Miami Heretics
- Founded: August 20, 2019; 7 years ago
- League: Call of Duty League
- Team history: Florida Mutineers (2019–2023) Miami Heretics (2023–present)
- Based in: Miami, Florida, U.S.
- Arena: None
- Parent group: Misfits Gaming Team Heretics
- Website: Official website

= Miami Heretics =

Call of Duty League esports team

The Miami Heretics (formerly Florida Mutineers) are an American professional Call of Duty League (CDL) esports team based in Miami, Florida. Miami Heretics is owned by Misfits Gaming in partnership with Spanish esports organization Team Heretics, with Misfits Gaming also owning an Overwatch League team called the Florida Mayhem.

== History ==
=== Florida Mutineers ===
On August 20, 2019, Activision Blizzard announced that Misfits Gaming had purchased one of the two new franchise slots for the Call of Duty League. According to ESPN, the publisher was looking to sell slots for approximately $25 million per team. On October 28, 2019, branding was revealed as the Florida Mutineers. On December 2, 2019, they revealed the five-man starting roster of Prestinni, Frosty, Skyz, Havok, and Maux and coach Atura.

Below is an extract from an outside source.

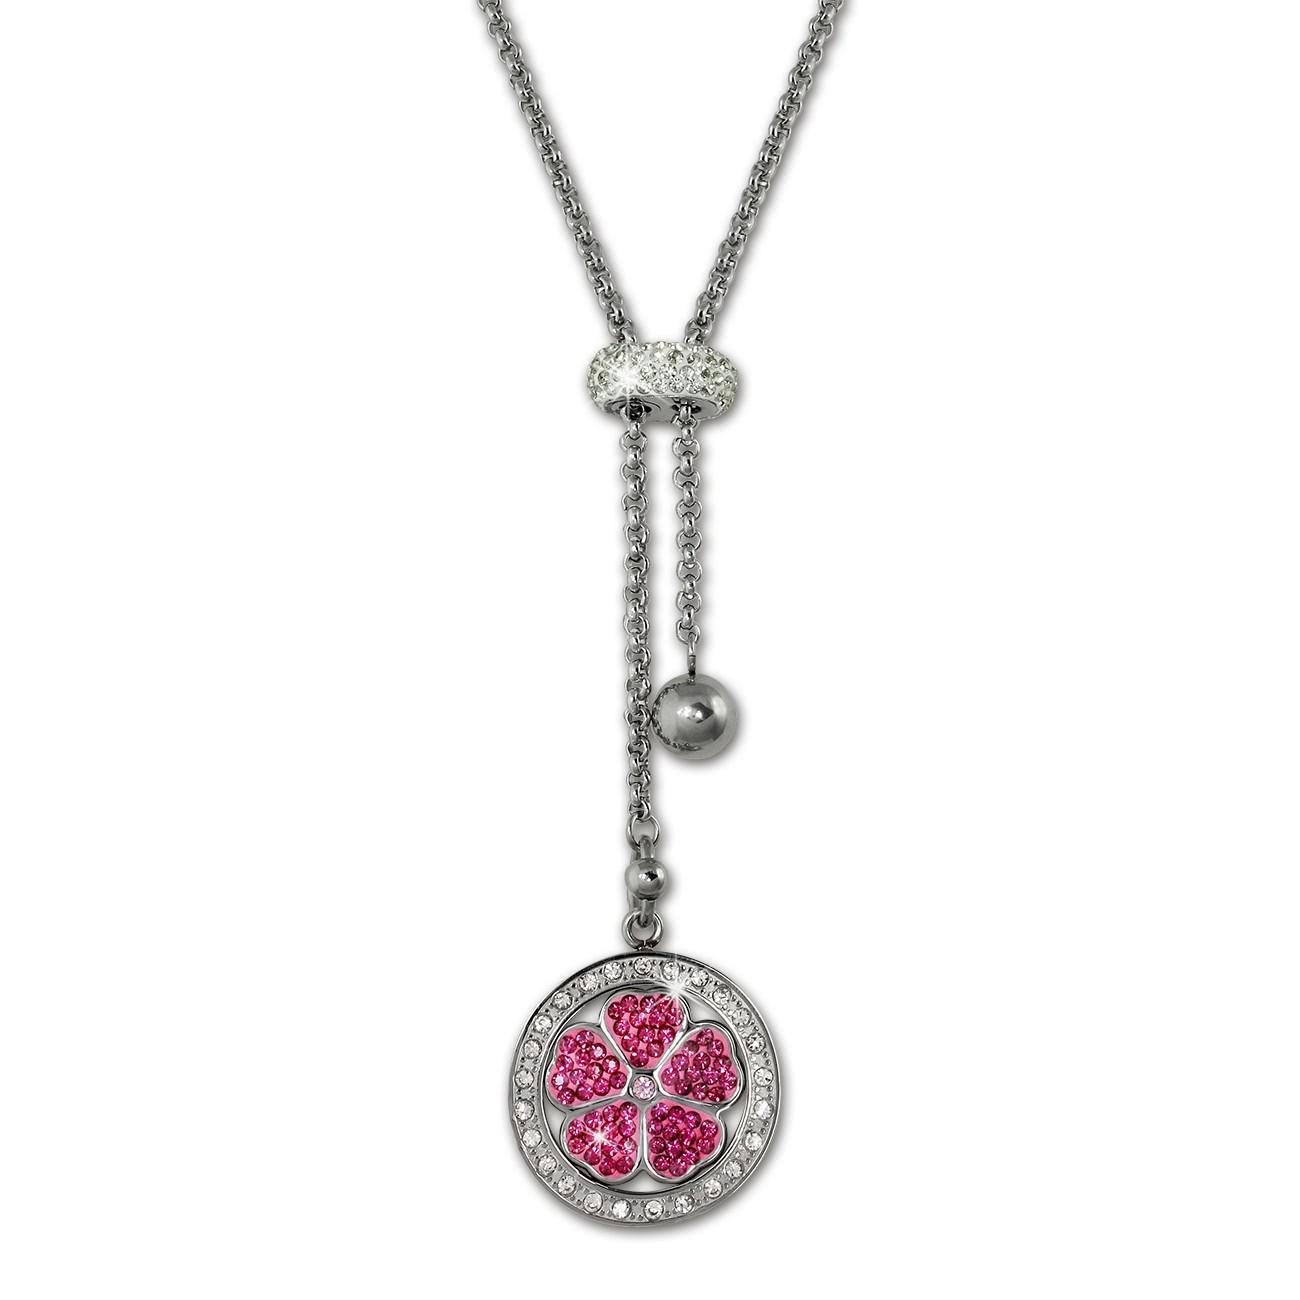 Amello Halskette Kleeblatt pink Damen Edelstahlschmuck ESKQ02P

After splitting their first two series of the 2020 season at the CDL 2020 Launch Weekend event, the Mutineers outperformed expectations at the Atlanta FaZe Home Series. After losing 3–2 to the London Royal Ravens in their first series, Florida survived elimination matches against Optic Gaming Los Angeles and London, taking these series 3-1 and 3–2, respectively. In the semifinals, Prestinni and the Mutineers ousted twin Arcitys and the Chicago Huntsmen 3–2 to meet the Atlanta FaZe in the finals, where they would lose 3–0.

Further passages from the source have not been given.